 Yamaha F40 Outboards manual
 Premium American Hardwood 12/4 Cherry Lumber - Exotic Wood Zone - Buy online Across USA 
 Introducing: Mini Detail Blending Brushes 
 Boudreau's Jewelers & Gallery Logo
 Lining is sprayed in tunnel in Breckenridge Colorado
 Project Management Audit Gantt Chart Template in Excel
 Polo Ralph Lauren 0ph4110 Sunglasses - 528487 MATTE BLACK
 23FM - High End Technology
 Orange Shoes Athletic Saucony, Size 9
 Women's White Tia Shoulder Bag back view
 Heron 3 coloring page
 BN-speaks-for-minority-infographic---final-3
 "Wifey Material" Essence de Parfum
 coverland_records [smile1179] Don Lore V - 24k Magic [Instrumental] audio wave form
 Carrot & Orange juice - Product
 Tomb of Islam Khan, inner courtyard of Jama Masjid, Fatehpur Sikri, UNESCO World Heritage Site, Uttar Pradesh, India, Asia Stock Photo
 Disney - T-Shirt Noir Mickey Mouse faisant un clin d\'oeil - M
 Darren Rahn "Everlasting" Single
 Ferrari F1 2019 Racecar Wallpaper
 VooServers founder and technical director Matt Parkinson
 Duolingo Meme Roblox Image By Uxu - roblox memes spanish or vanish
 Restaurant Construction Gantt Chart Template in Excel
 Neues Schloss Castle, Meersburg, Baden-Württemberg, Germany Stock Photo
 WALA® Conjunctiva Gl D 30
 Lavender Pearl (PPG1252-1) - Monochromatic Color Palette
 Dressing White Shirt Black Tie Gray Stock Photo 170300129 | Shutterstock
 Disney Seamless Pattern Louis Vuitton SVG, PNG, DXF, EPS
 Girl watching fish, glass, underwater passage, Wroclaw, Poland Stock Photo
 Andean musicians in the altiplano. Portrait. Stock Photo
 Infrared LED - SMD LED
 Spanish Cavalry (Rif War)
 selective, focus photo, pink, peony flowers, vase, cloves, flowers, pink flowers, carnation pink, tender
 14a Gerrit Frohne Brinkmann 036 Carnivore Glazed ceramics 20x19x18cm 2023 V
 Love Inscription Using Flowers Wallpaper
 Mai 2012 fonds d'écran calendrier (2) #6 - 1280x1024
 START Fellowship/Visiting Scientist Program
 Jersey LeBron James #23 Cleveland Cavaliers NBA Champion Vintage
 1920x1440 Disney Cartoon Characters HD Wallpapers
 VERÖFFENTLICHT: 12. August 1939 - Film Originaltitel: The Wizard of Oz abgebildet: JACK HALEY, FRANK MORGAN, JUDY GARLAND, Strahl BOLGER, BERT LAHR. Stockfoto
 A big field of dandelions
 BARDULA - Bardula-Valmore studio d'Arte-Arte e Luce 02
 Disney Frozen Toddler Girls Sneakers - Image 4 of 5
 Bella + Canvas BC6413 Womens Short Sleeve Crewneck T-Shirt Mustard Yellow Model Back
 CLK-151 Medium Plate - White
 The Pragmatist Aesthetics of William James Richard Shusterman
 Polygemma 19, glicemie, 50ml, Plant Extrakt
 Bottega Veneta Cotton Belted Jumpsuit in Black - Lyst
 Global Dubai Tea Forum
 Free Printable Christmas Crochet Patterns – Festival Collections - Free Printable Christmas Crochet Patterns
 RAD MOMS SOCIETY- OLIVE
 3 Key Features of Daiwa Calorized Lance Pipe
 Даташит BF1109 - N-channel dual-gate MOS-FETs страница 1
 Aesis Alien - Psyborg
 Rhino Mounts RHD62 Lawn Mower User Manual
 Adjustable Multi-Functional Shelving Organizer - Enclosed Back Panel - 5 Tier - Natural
......
_PROBLEM_. The material must be transcribed exactly, down to the last line.

_EXPECTED ANSWER_.
 Yamaha F40 Outboards manual
 Premium American Hardwood 12/4 Cherry Lumber - Exotic Wood Zone - Buy online Across USA 
 Introducing: Mini Detail Blending Brushes 
 Boudreau's Jewelers & Gallery Logo
 Lining is sprayed in tunnel in Breckenridge Colorado
 Project Management Audit Gantt Chart Template in Excel
 Polo Ralph Lauren 0ph4110 Sunglasses - 528487 MATTE BLACK
 23FM - High End Technology
 Orange Shoes Athletic Saucony, Size 9
 Women's White Tia Shoulder Bag back view
 Heron 3 coloring page
 BN-speaks-for-minority-infographic---final-3
 "Wifey Material" Essence de Parfum
 coverland_records [smile1179] Don Lore V - 24k Magic [Instrumental] audio wave form
 Carrot & Orange juice - Product
 Tomb of Islam Khan, inner courtyard of Jama Masjid, Fatehpur Sikri, UNESCO World Heritage Site, Uttar Pradesh, India, Asia Stock Photo
 Disney - T-Shirt Noir Mickey Mouse faisant un clin d\'oeil - M
 Darren Rahn "Everlasting" Single
 Ferrari F1 2019 Racecar Wallpaper
 VooServers founder and technical director Matt Parkinson
 Duolingo Meme Roblox Image By Uxu - roblox memes spanish or vanish
 Restaurant Construction Gantt Chart Template in Excel
 Neues Schloss Castle, Meersburg, Baden-Württemberg, Germany Stock Photo
 WALA® Conjunctiva Gl D 30
 Lavender Pearl (PPG1252-1) - Monochromatic Color Palette
 Dressing White Shirt Black Tie Gray Stock Photo 170300129 | Shutterstock
 Disney Seamless Pattern Louis Vuitton SVG, PNG, DXF, EPS
 Girl watching fish, glass, underwater passage, Wroclaw, Poland Stock Photo
 Andean musicians in the altiplano. Portrait. Stock Photo
 Infrared LED - SMD LED
 Spanish Cavalry (Rif War)
 selective, focus photo, pink, peony flowers, vase, cloves, flowers, pink flowers, carnation pink, tender
 14a Gerrit Frohne Brinkmann 036 Carnivore Glazed ceramics 20x19x18cm 2023 V
 Love Inscription Using Flowers Wallpaper
 Mai 2012 fonds d'écran calendrier (2) #6 - 1280x1024
 START Fellowship/Visiting Scientist Program
 Jersey LeBron James #23 Cleveland Cavaliers NBA Champion Vintage
 1920x1440 Disney Cartoon Characters HD Wallpapers
 VERÖFFENTLICHT: 12. August 1939 - Film Originaltitel: The Wizard of Oz abgebildet: JACK HALEY, FRANK MORGAN, JUDY GARLAND, Strahl BOLGER, BERT LAHR. Stockfoto
 A big field of dandelions
 BARDULA - Bardula-Valmore studio d'Arte-Arte e Luce 02
 Disney Frozen Toddler Girls Sneakers - Image 4 of 5
 Bella + Canvas BC6413 Womens Short Sleeve Crewneck T-Shirt Mustard Yellow Model Back
 CLK-151 Medium Plate - White
 The Pragmatist Aesthetics of William James Richard Shusterman
 Polygemma 19, glicemie, 50ml, Plant Extrakt
 Bottega Veneta Cotton Belted Jumpsuit in Black - Lyst
 Global Dubai Tea Forum
 Free Printable Christmas Crochet Patterns – Festival Collections - Free Printable Christmas Crochet Patterns
 RAD MOMS SOCIETY- OLIVE
 3 Key Features of Daiwa Calorized Lance Pipe
 Даташит BF1109 - N-channel dual-gate MOS-FETs страница 1
 Aesis Alien - Psyborg
 Rhino Mounts RHD62 Lawn Mower User Manual
 Adjustable Multi-Functional Shelving Organizer - Enclosed Back Panel - 5 Tier - Natural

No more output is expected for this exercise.